To historia związana z miejscem, które szczyci się 120-letnią tradycją i jest uważane niekiedy za jeden z symboli Sopotu wraz z molo, hipodromem i Operą Leśną. Trudno znaleźć w Polsce podobne miejsce, w dodatku tak atrakcyjnie położone – spacer z kortu centralnego do plaży zajmuje nie więcej niż pięć minut. Korty oraz hala widowiskowa Sopockiego Klubu Tenisowego gościły największe międzynarodowe turnieje, grały na nich sławy światowego tenisa – od Wojciecha Fibaka po Rafaela Nadala i Agnieszkę Radwańską. Dziś to przeszłość. Kort centralny, na którym bywał niegdyś prezydent Aleksander Kwaśniewski oglądający mecze w towarzystwie miliardera Ryszarda Krauze, dawno nie gościł żadnej istotnej imprezy tenisowej.
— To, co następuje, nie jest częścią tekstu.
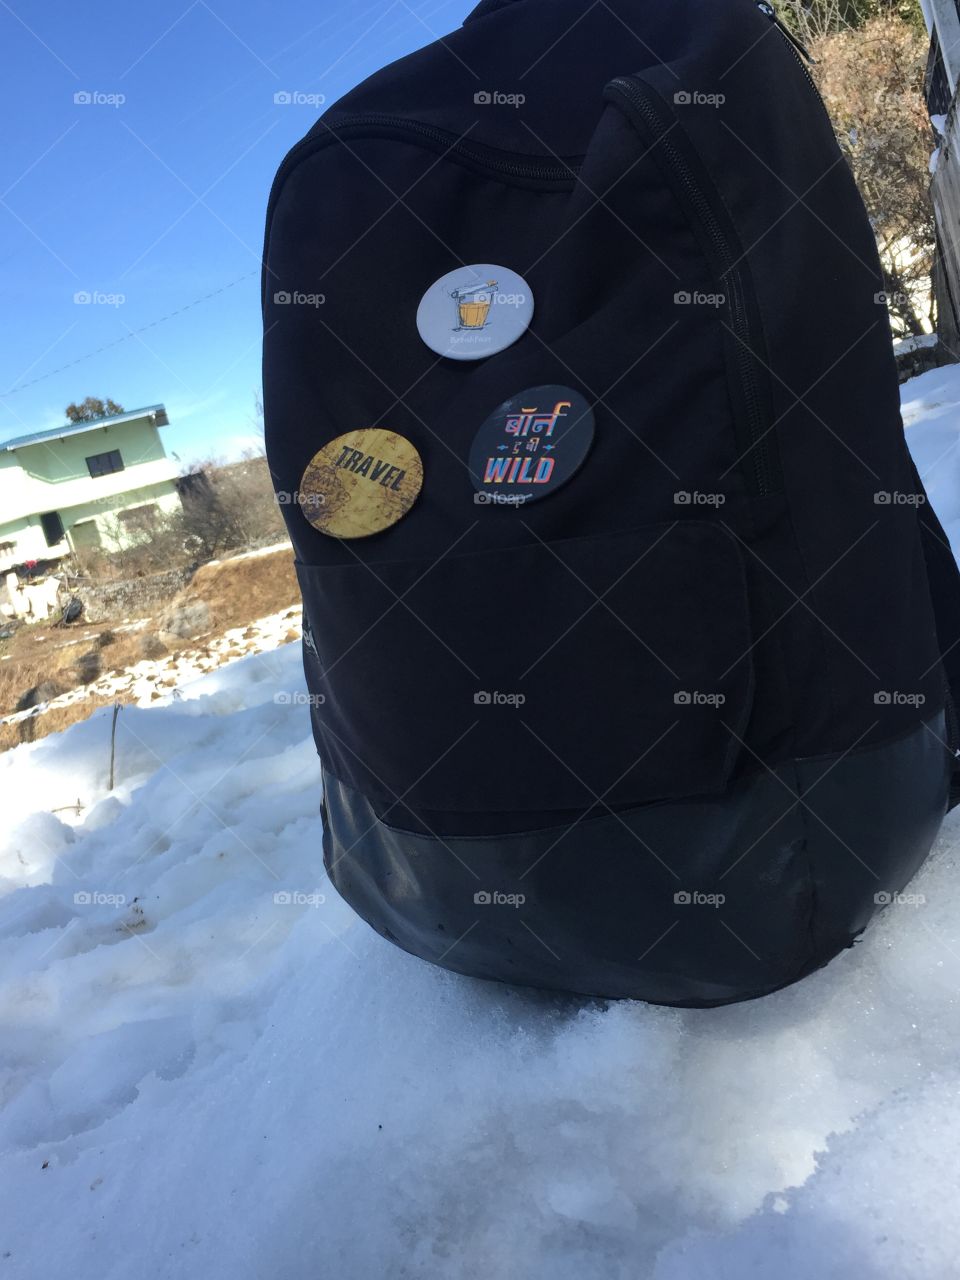 bag on snow
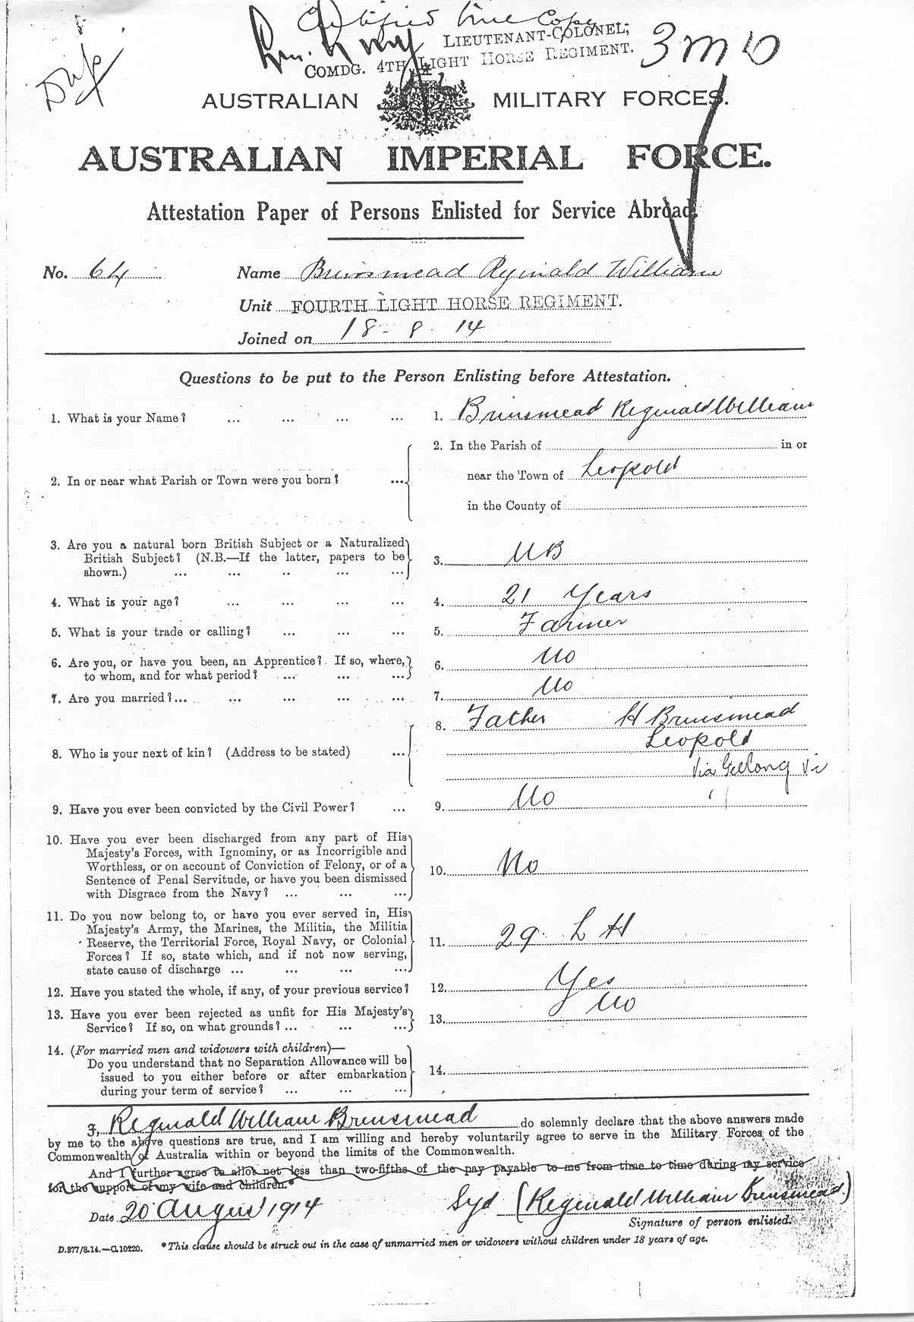 REg Brinsmead's Enlistment Record

Po wycofaniu się Krauzego ze wspierania SKT pod koniec ubiegłej dekady klub podupadł. Stał się miejscem, w którym spotkały się interesy ludzi związanych niegdyś z SLD, skazanych za wykorzystywanie pieniędzy klubu tenisowego na prywatne cele, z postaciami mającymi wpływy nie tylko w PiS, ale i kontakty na Kremlu. Jest tu również syndyk wyspecjalizowany w prowadzeniu upadłości SKOK, w tym owianego złą sławą SKOK Wołomin, i deweloper z Poznania znany tam m.in. ze sprzedaży mieszkań, do których nabywcy nie mogli się wprowadzić. To historia przypominająca matrioszkę – pod każdą kolejną kryje się następna, o równie wątpliwej reputacji. Prześledźmy tę biznesowo-polityczną układankę.
Nadmorskie manewry
SKT jest teraz o krok od przejęcia liczącego kilka hektarów miejskiego terenu obejmującego przede wszystkim halę widowiskowo-sportową, kort centralny, 13 kortów towarzyszących oraz budynki klubowe. Działaczy klubu wspiera kancelaria prawna GKK obsługująca PiS i Jarosława Kaczyńskiego oraz była minister sportu w jego rządzie Elżbieta Jakubiak.